The universe contains huge clouds made up of very large amounts of


dust and gas. About 6,000,000,000 (billion) years ago, one of these
clouds began to condense. Gravitation--the pull that all objects in
the universe have for one another--pulled the gas and dust particles
together. As the dust cloud condensed, it began to spin. It spun
faster and faster and flattened as it spun. It became shaped like a
pancake; that is thick at the center and thin at the edges.

The slowly spinning center condensed to make the sun. But the outer
parts of the pancake, or disk, were spinning too fast to condense in
one piece. They broke up into smaller swirls, or eddies, which
condensed separately to make the planets. The forming sun and
planets were made up mostly of gas. They contained much more gas
than dust. The earth was far bigger than it is now and probably
weighed 500 times as much. The large body of dust and gas forming
the sun collapsed rapidly to a much smaller size. The pressure that
resulted from the collapse caused the sun to become very hot and to
glow brightly. The newly born sun began to heat up the swirling eddy
of gas and dust that was to become the earth. The gas expanded, and
some of it flowed away into space. The dust that remained behind
then collected together because of gravity.

Although the shrinking earth generated a lot of heat, most of this


heat was lost into space.

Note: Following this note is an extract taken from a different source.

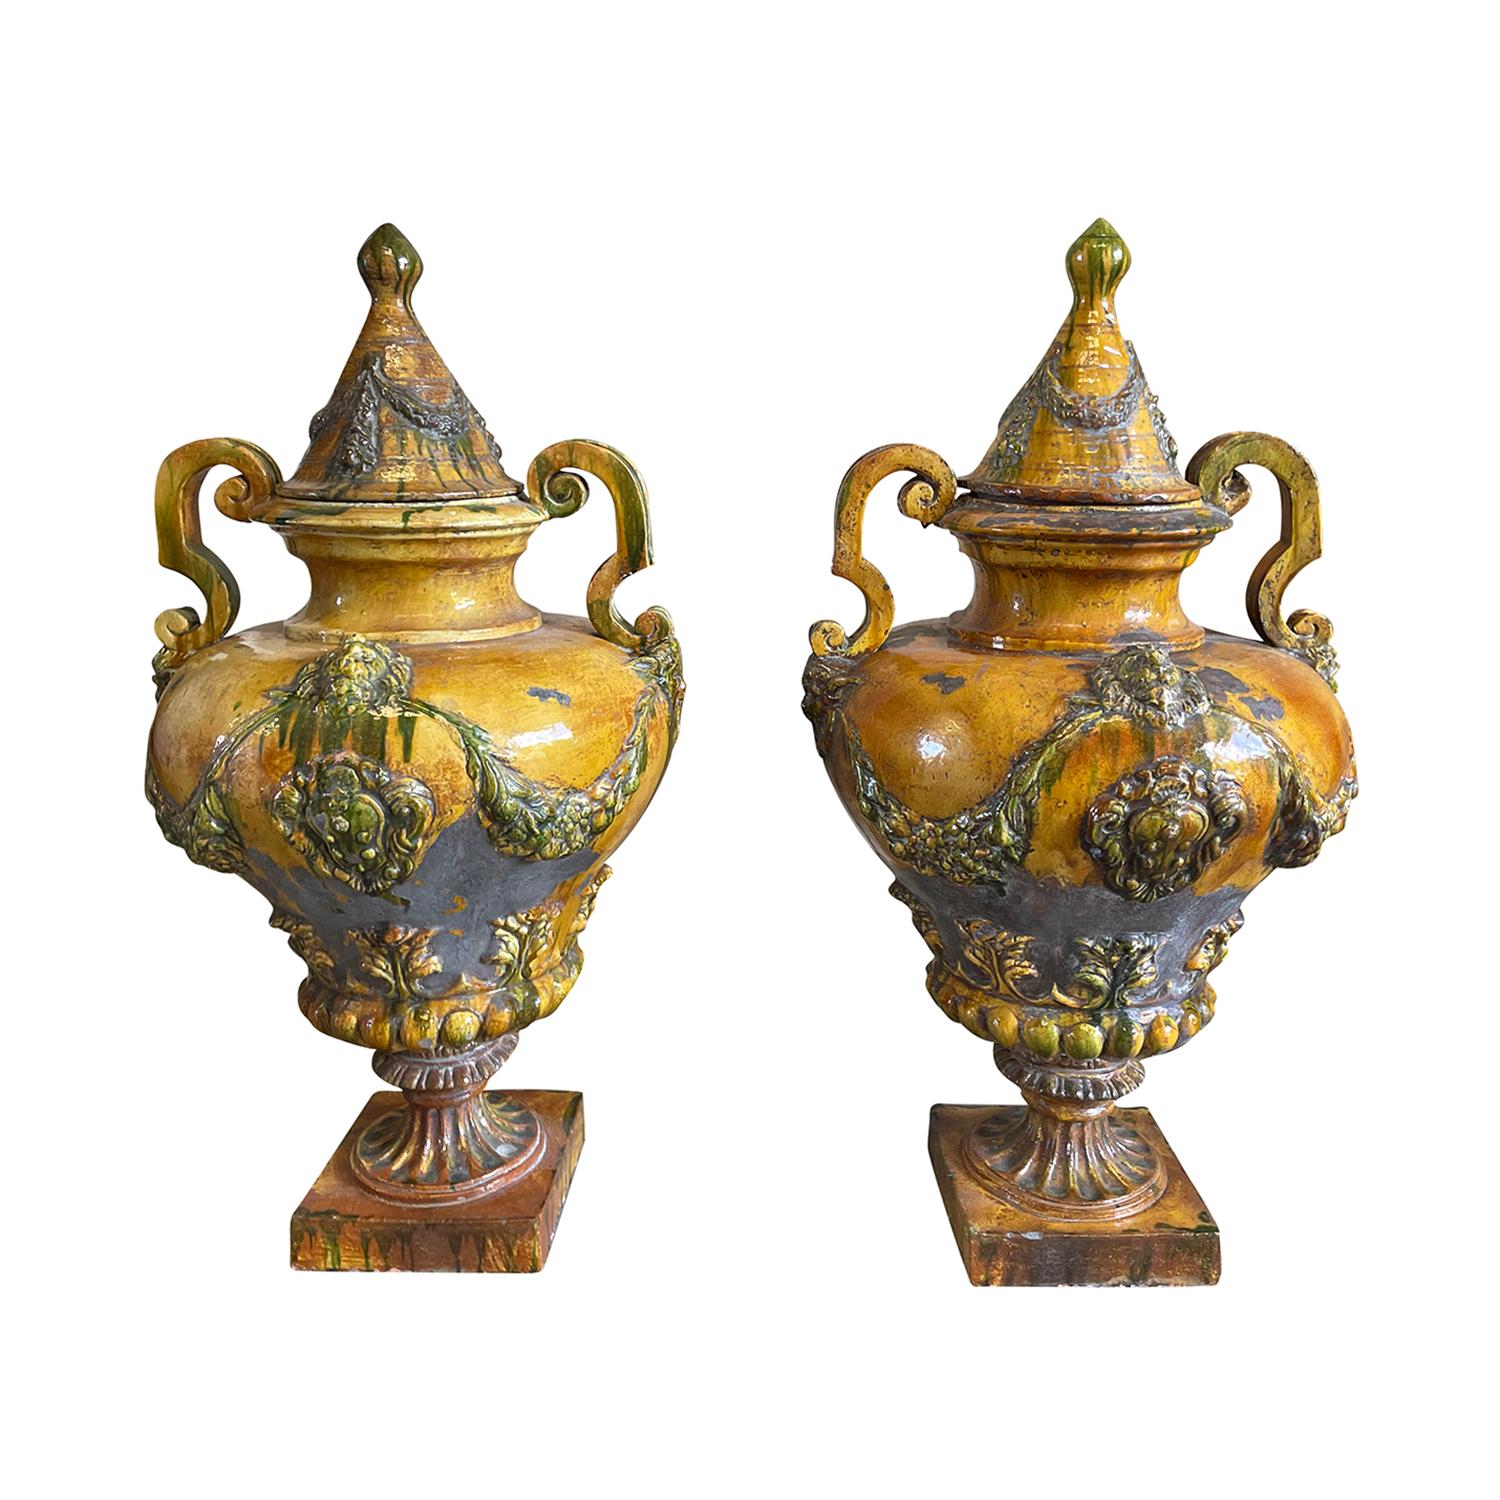 Ein Paar antiker italienischer Baluster-Urnen mit zwei Henkeln aus Keramik, glasiert im Stil des 18. Jahrhunderts in einer warmen honiggelben Glasur mit grünen Akzenten, in gutem Zustand. Diese dekorativen Gartenornamente stehen auf einem

Therefore, the original earth was most
likely solid, not molten. This hypothesis was developed by a
scientist, Harold C. Urey in 1952. It is also known as the Urey's
hypothesis. He showed that methane, ammonia, and water are the
stable forms of carbon, nitrogen, and oxygen if an excess of
hydrogen is present. Cosmic dust clouds, from which the earth
formed, contained a great excess of hydrogen.